Присутствие в ароматическом кольце заместителей влияет на легкость замещения другими заместителями. Это влияние увеличивается при действии электронов замещающих групп на π-электроны ароматического кольца. Если атом заместителя, присоединенный к ароматическому кольцу, имеет положительный заряд или является акцептором электронов, тогда π-электроны кольца притягиваются к этому атому и вероятность их атаки на электрофил уменьшается. Примером таких заместителей, приводящих к деактивации кольца, являются -NO2, - SO3H, -Cl, сложноэфирные и кетонные группы. (Дезактивирующим действием кетонных групп объясняется получение чистых монозамещенных продуктов при ацилировании по Фриделю-Крафтсу.)
Замещение, наоборот, облегчается при наличии в ароматическом кольце электронодонорных заместителей. Такие заместители увеличивают электронную плотность в кольце, и вследствие этого атака электрофила кольцом облегчается. Примерами активирующих групп являются -NH2, -ОН, -ОСН3 и алкильные группы. Заместители влияют не только на легкость введения последующих заместителей в ароматическое кольцо, но также и на их положение в кольце. Напомним, что в одном из предыдущих разделов мы определяли названия орто, мета и пара как замещение в соседнее положение, через один атом углерода или в противоположное первому положению соответственно.
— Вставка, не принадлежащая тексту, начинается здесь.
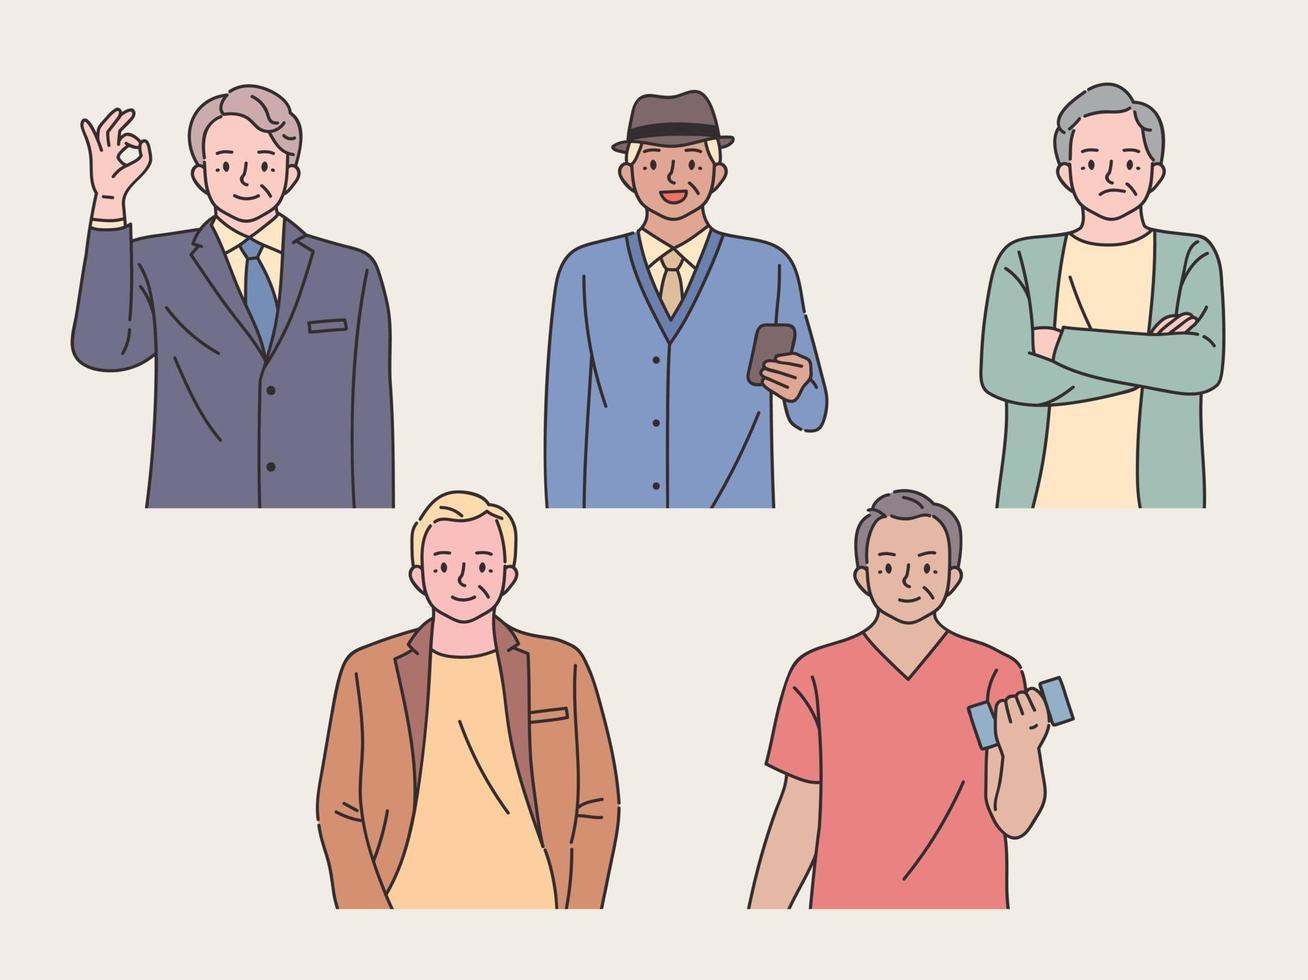 stilvolles altes Mannset. eine Sammlung alter Männer mit selbstbewusstem Ausdruck in stilvoller Kleidung. vektor

Вследствие наличия резонанса между исходным заместителем и самим кольцом увеличивается электронная плотность либо на атомах углерода, находящихся в мета-положениях, либо на атомах, находящихся в орто-пара-положениях. В качестве примера рассмотрим резонансные гибридные структуры метоксибензола:
На основании такого рассмотрения можно предсказать, что введение метоксигруппы будет активировать ароматическое кольцо в реакции замещения и что новые электрофильные заместители будут вступать преимущественно в орто- и (или) пара-положение. Поэтому группу -ОСН3 называют орто-пара-ориентантом (направляет заместитель в орто-пара-положения). Большинство орто-пара-ориентантов являются активаторами (табл. 8). Исключение составляют галогены: они служат орто-пара-ориентантами, но являются дезактиваторами реакции замещения вследствии своей большой электроотрицательности.
Таблица 8. Влияние заместителей в ароматическом кольце* на реакционную способность и место присоединения электрофила к кольцу
* (В порядке уменьшения активности.)
Резонансные гибридные структуры для хлорбензола
Все мета-направляющие заместители являются дезактиваторами. Хотя дезактиваторы уменьшают легкость атаки электрофила ароматическим кольцом, замещение все-таки возможно. Если замещение происходит, оно в первую очередь идет в мета-положение. Так, нитрогруппа в нитробензоле служит дезактиватором и мета-ориентантом. Она приводит к такому смещению электронов, что электронная плотность атомов углерода, находящихся в орто- и пара-положениях, становится меньше, чем у атомов углерода, находящихся в мета-положениях. Поэтому вероятность атаки электрофильной группы со стороны атомов углерода, находящихся в орто- или пара-положениях, будет меньше, чем со стороны атомов углерода, находящихся в мета-положениях. В этих условиях специфичность ориентации замещения ниже, чем при наличии орто-пара-ориентантов.
Резонансные гибридные структуры для нитробензола
Как было показано выше, ориентация замещения определяется в первую очередь резонансом. Однако существенную роль играют и пространственные затруднения, которые объясняют, почему многие орто-пара-ориентанты на самом деле благоприятствуют замещению в пара-положение. Так, объемистая трет-бутильная группа направляет электрофильные заместители почти исключительно в пара-положение. Заместитель просто не может "протиснуться" в орто-положение, доступ к которому ему закрывает объемистая трет-бутильная группа.